JAX: The Missing Manual (for Research)
This guide serves as a practical, "cheatsheet-style" reference for using JAX. It focuses on the mental models required to use it effectively, specifically addressing common confusion points like dimensions, vmap, and state management.
1. The Core Mental Model
JAX is not just "NumPy with GPU support." It is a compiler for function transformations.
- Pure Functions: JAX assumes your functions are pure: same input, same output; no side effects (no printing*, no global state mutation).

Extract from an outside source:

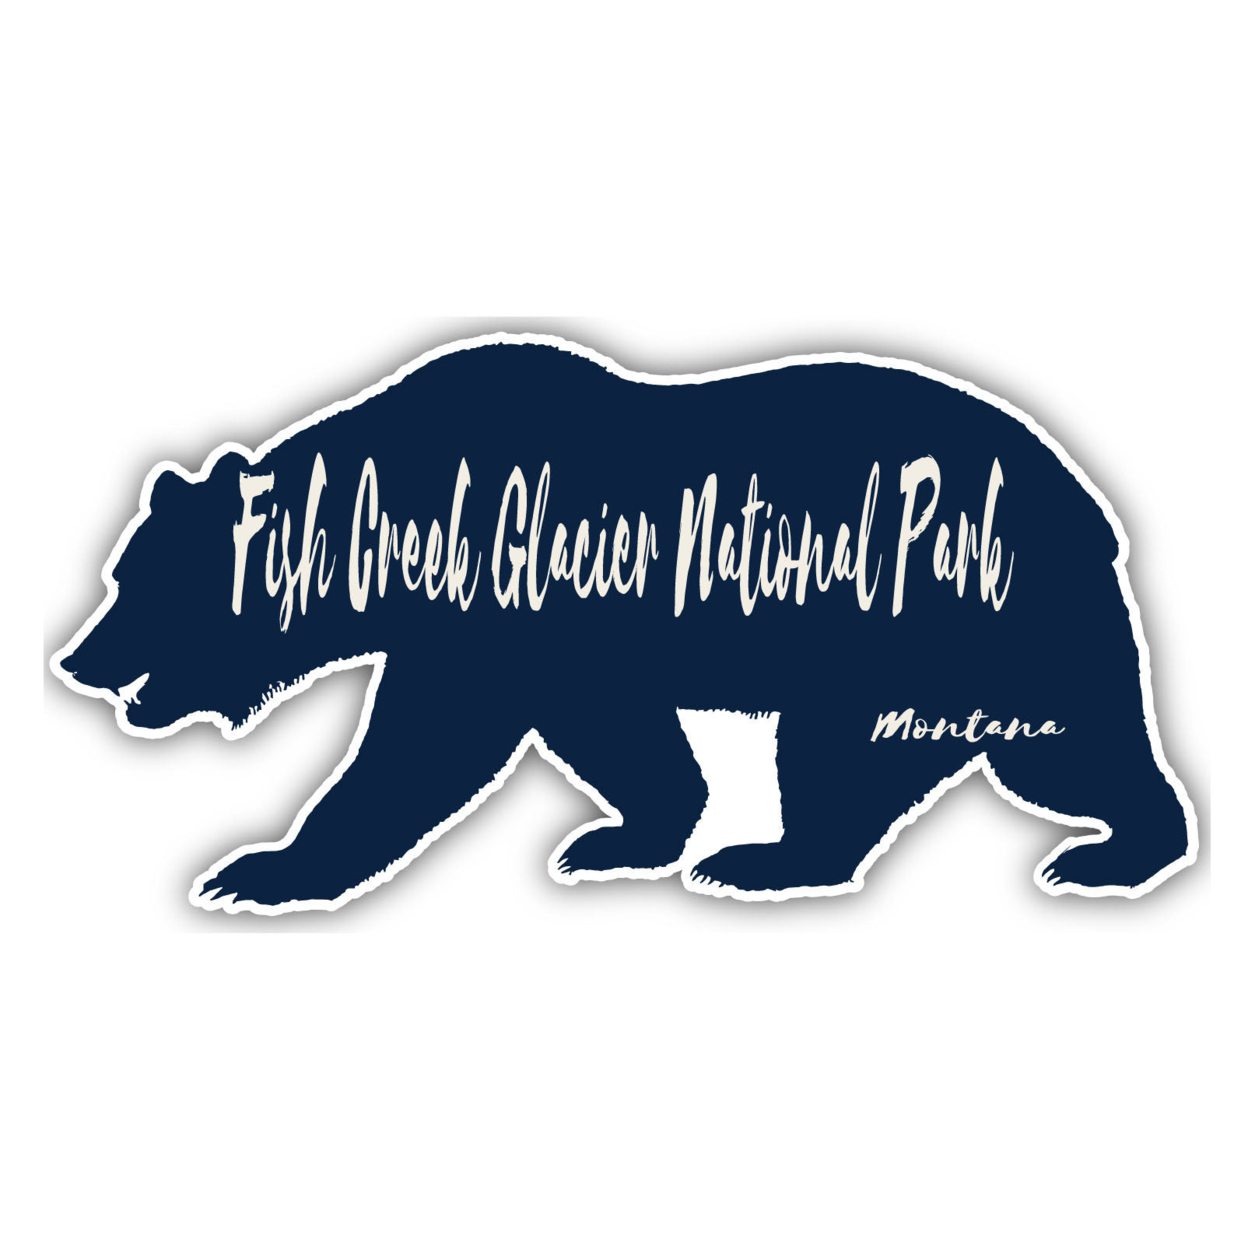 Fish Creek Glacier National Park Montana Souvenir Decorative Stickers (Choose Theme And Size) - 4-Pack, 10-Inch, Bear

- Static vs. Traced: JAX traces your code once with "abstract tracers" (placeholders) to build a computation graph, then compiles it (XLA). Python control flow (
if,for) happens during tracing. If it depends on data, it vanishes unless you use JAX primitives (jax.lax.cond,jax.lax.scan).

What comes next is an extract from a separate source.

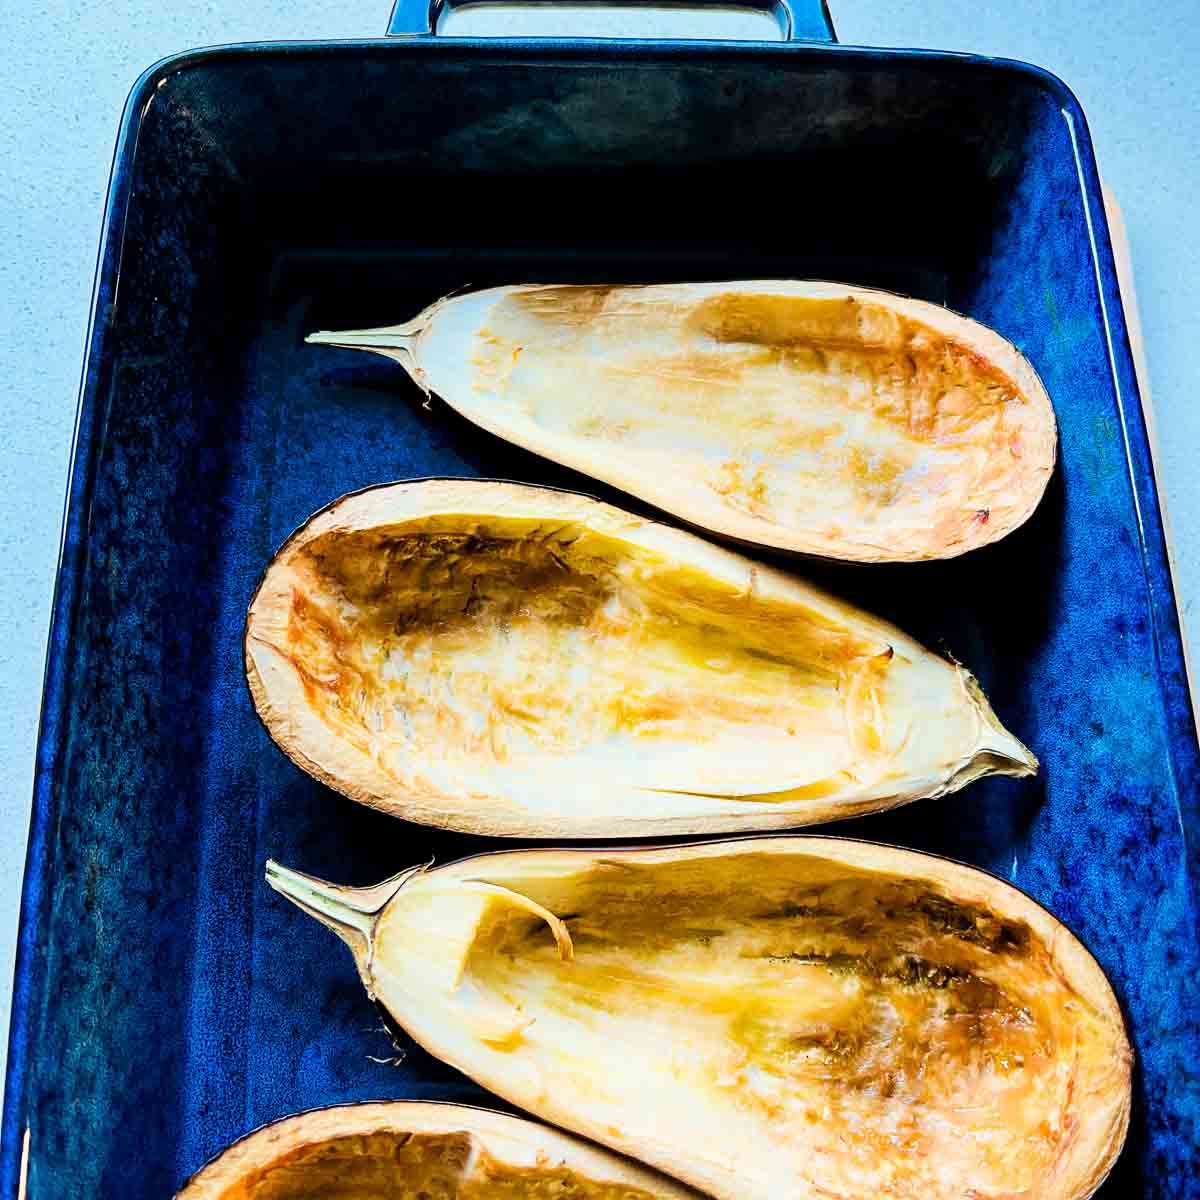 Prepared eggplants roasted in a baking dish.

2. Managing State (The State Pattern)
equinox.Module is a PyTree.
What is a PyTree?
A PyTree is just a container of arrays (lists, tuples, dicts, custom classes). JAX functions like jit, grad, and vmap operate on the leaves (the arrays inside) while preserving the structure.
Your State Object
import jax.numpy as jnp
import equinox as eqx
class State(eqx.Module):
# These are the leaves (arrays)
pos: jnp.ndarray
vel: jnp.ndarray
# This is static metadata (ignored by JAX derivatives/batching)
step_count: int = eqx.field(static=True)
# Initialization
state = State(
pos=jnp.zeros(2),
vel=jnp.zeros(2),
step_count=0
)
The "Functional Update" Rule
In JAX, you never mutate objects in place. You always return a new object.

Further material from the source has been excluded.